If you drive south out of Chicago through the industrial plumes of Gary, Indiana, then around the southern edge of Lake Michigan, then north beyond the towns of Harbor Country, then off the interstate onto a stretch called Blue Star Highway, then you’ll find dirt fire lanes that end in wide sweeps of dune and beach. Here, in a town called Covert, I’ve been weathering out the pandemic with my family for the past six weeks.



        We are “doing fine” up here, I say to friends, which hides the intricate dramas of private life even as it is mostly true. A more exacting response would chart the wild calibrations of my mind as I toggle between newsfeeds, conversations with colleagues, an excess of e-mails, late-night reading, and a desire to put something into words, while fully knowing that I will fail to track the gross transformations of what this is. This is not “working from home,” this is an apocalypse of the interior life. That life, my life, is scarcely threatened by the exceptional risks taken every day by cashiers, delivery people, and health-care workers. I am a separate story, or rather, I am no story at all. The forms that shape my days, my thinking, have all but disappeared. Gone are hours at the library in Chicago where I work; the meals with others; unprompted conversations; my time with women.

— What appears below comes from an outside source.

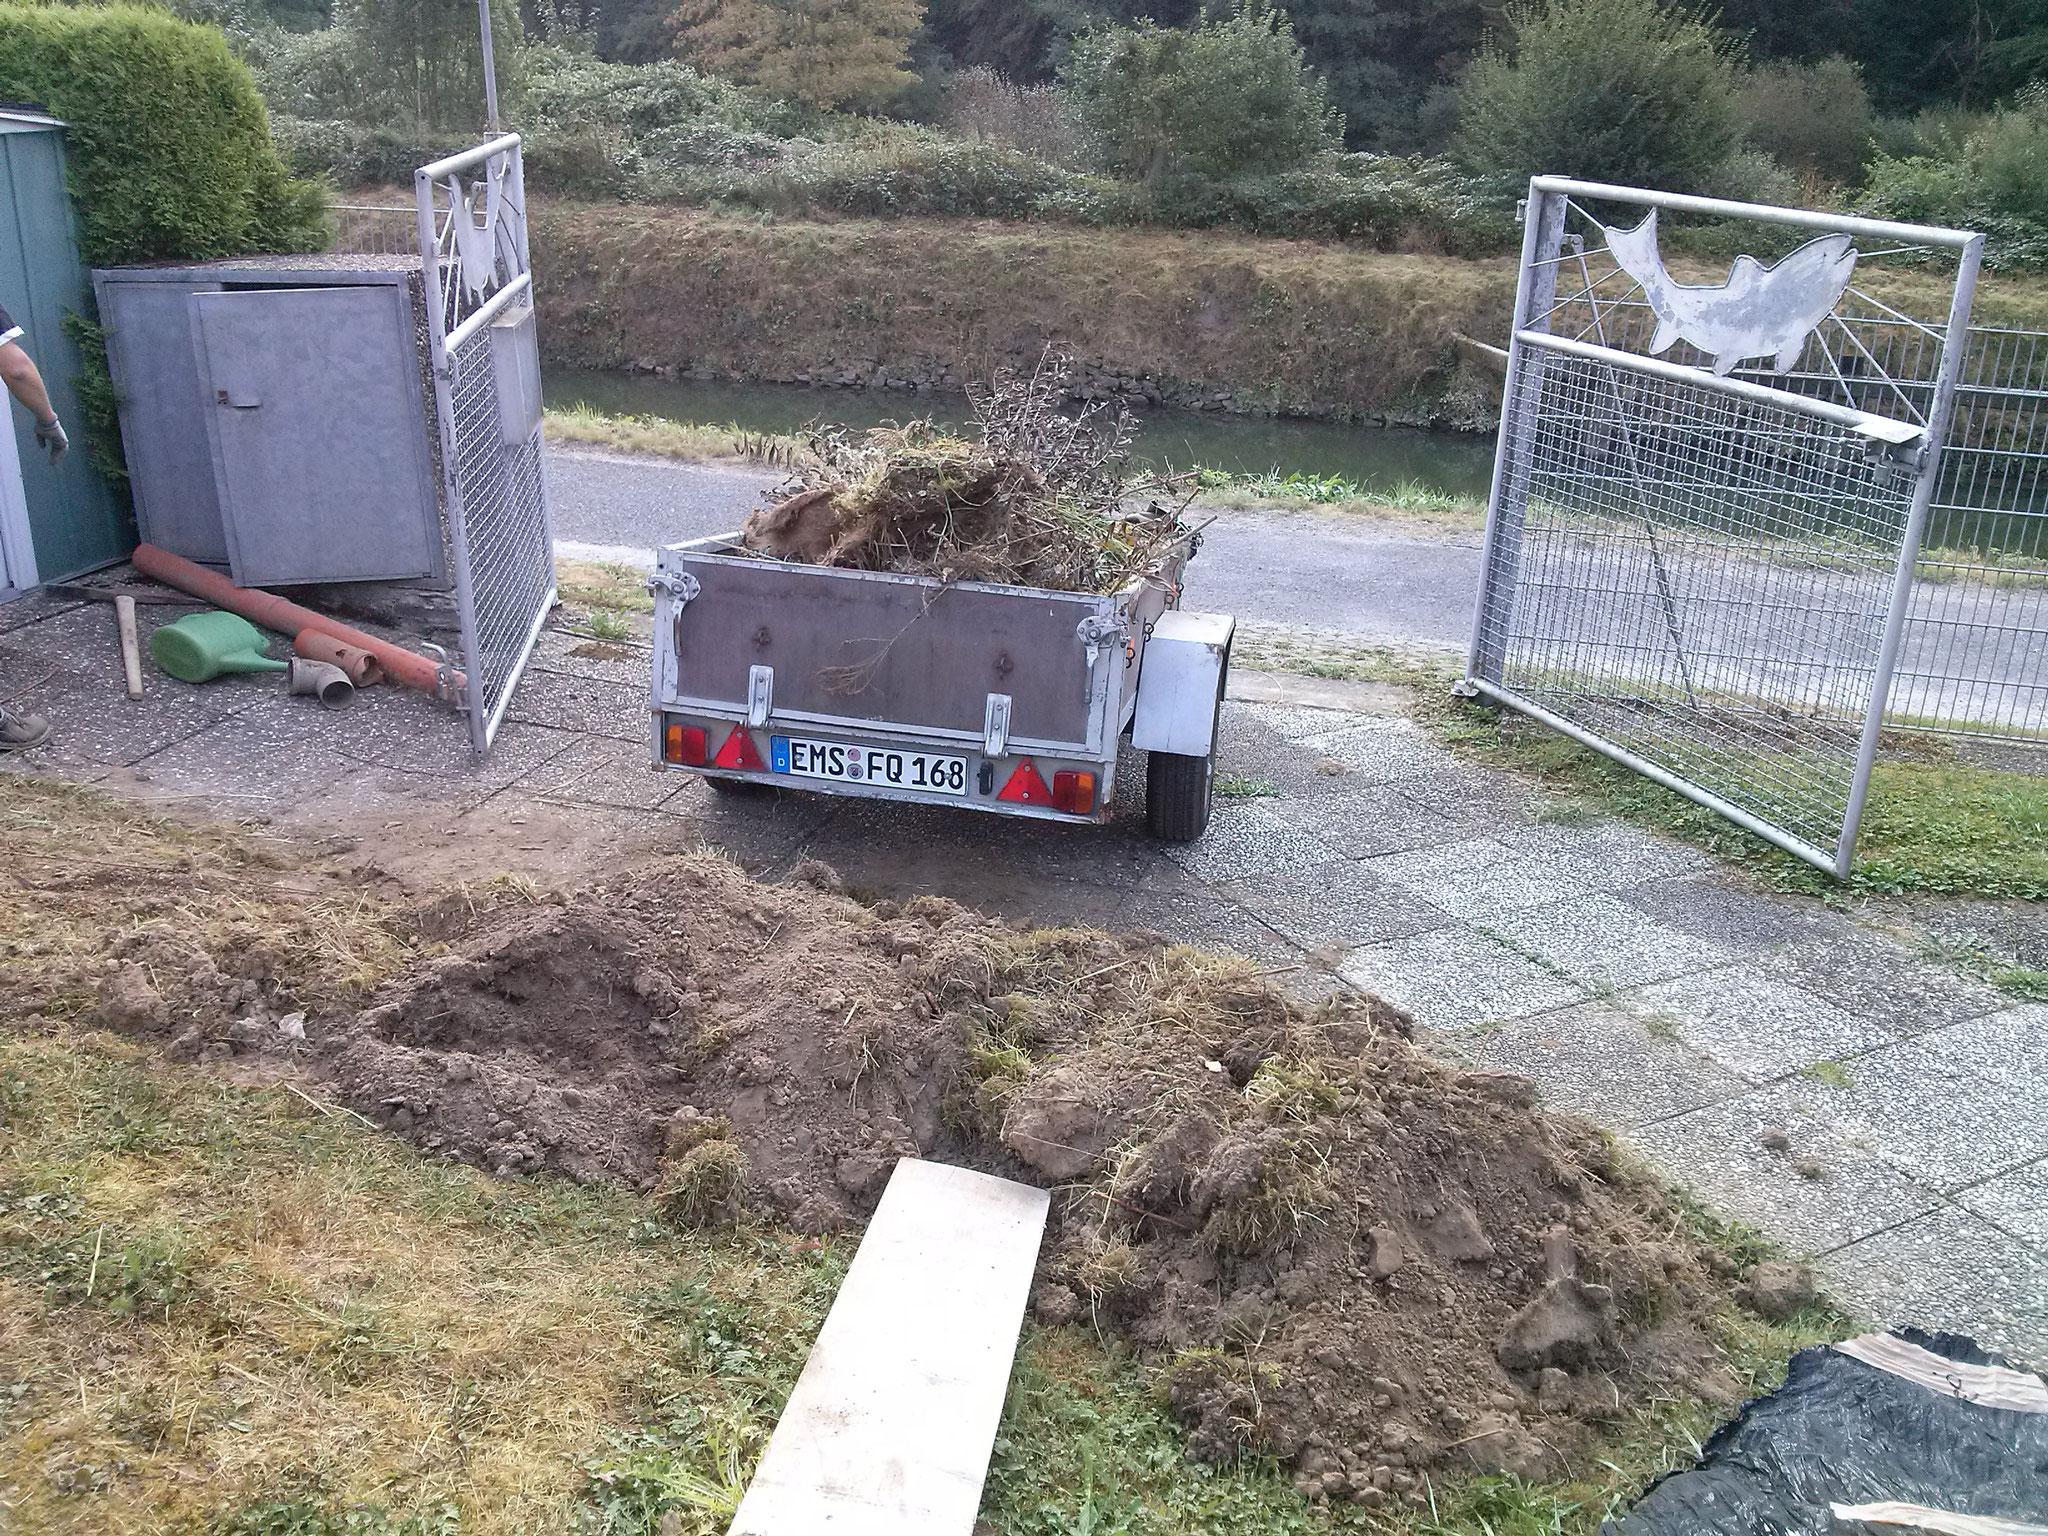 ... und wurde sofort entsorgt, dafür pflanzen wir zwei neue Bäume, versprochen!

        Many of our days in Covert, with devotion, with enjoyment, I have found beauty in the cycle of family life, especially in the time we spend outdoors. We walk through thick woods grown out of the ruin of ancient forest. Logging created Covert, a scrappy frontier town now credited for its curious history of racial integration. Covert was never a postbellum Freetown nor a utopian community: its integrated schools, churches, and political systems—as early as the 1860s—seem to have been a result of scarce necessity. I wonder about this history, about what humans are capable of becoming, when they abandon how they’ve been told to live.

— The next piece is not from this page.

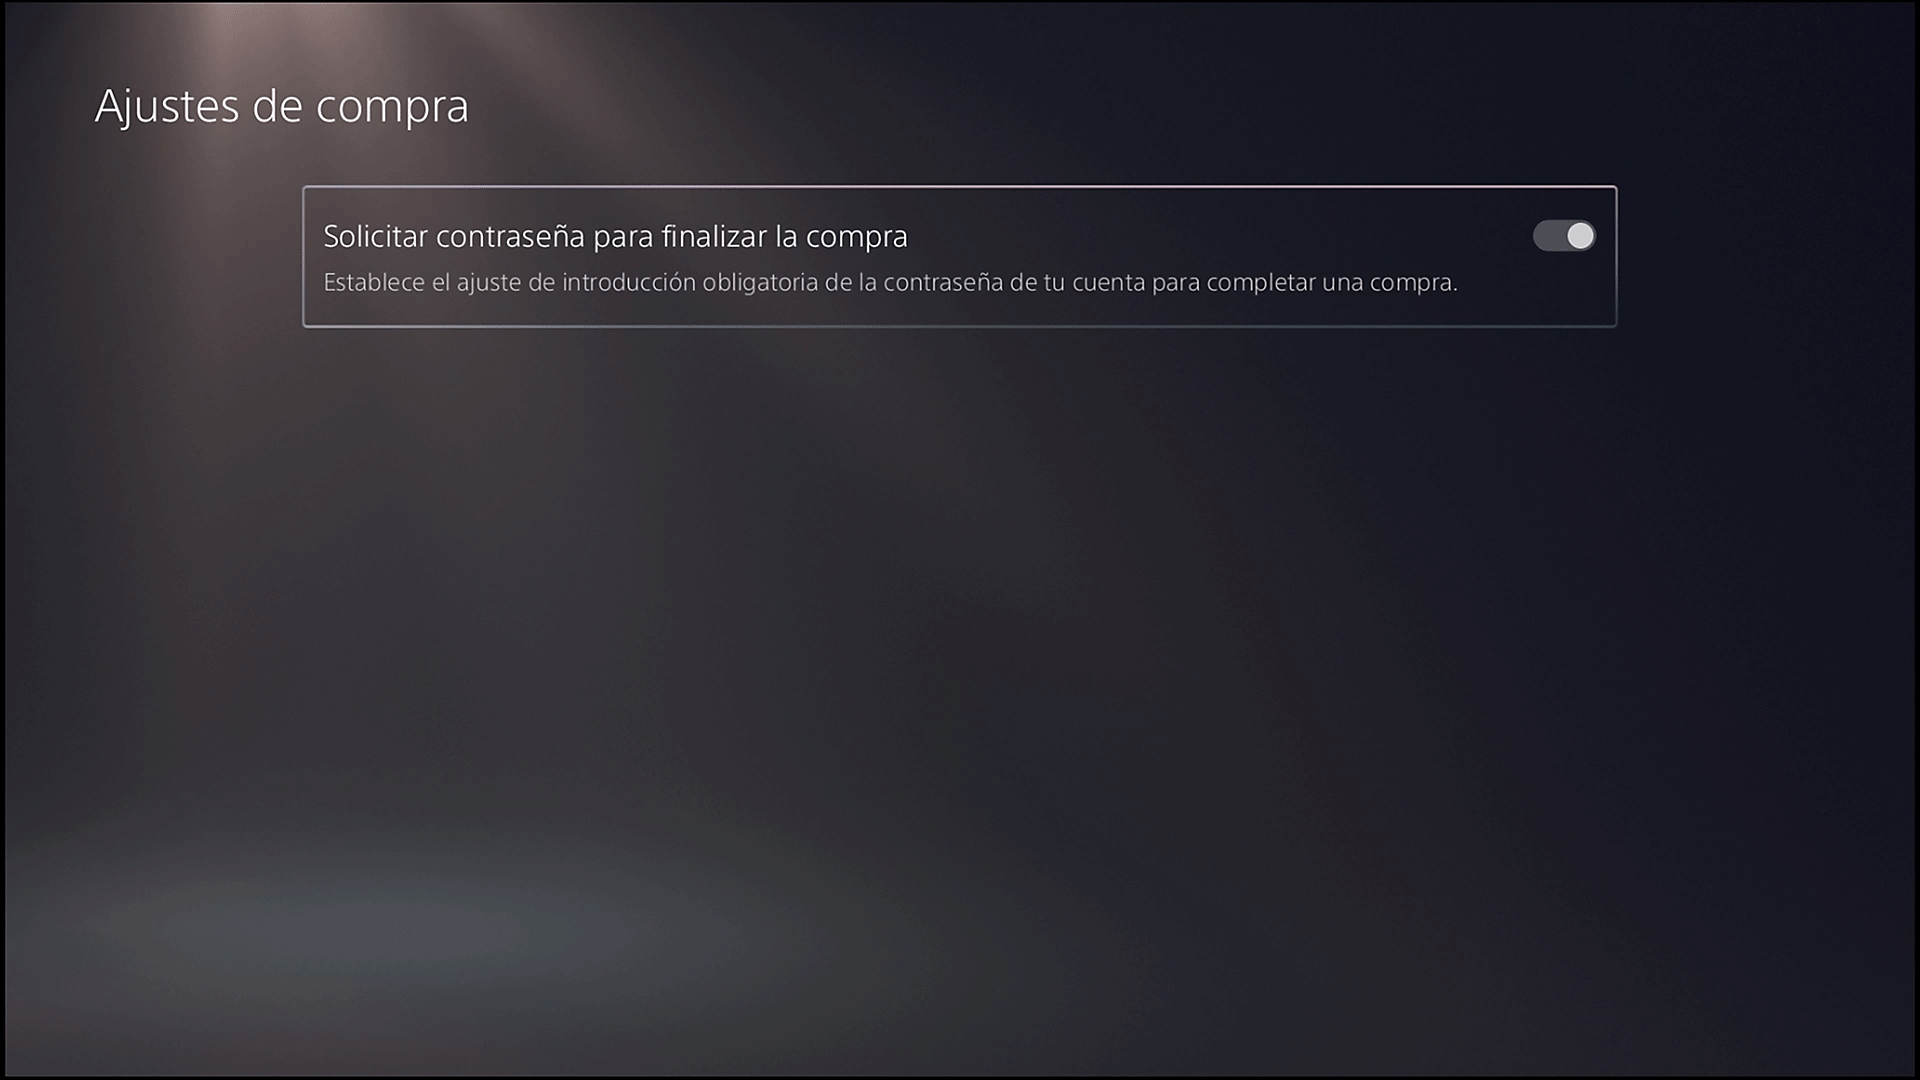 """Pantalla """"Configuración de compras"""" de PS5 con la opción """"Solicitar contraseña para finalizar la compra"""""""

        I have been waking up very early, too, hoping to work before my boys thump out of their beds. I hesitate before sending detailed e-mails to colleagues: a fall seminar, a spring conference, an exhibition in 2021. What are the ethical strategies for planning past this pandemic? Who can even imagine this far out? The hours of the day dissolve quickly and the present moment, revolving, seems our only center. A close friend, on the phone, tells me to slow the fuck down. A few days later, the New York Times basically says the same thing, in a column called “Wellness” or “The Upshot” or “Smarter Living.” Or maybe it was the Chicago Tribune, which still publishes—the charm of it—horoscopes and comics. The article has disappeared, and I keep spinning.

Who’s the bad guy? asks the youngest, jumping up and down on the sofa.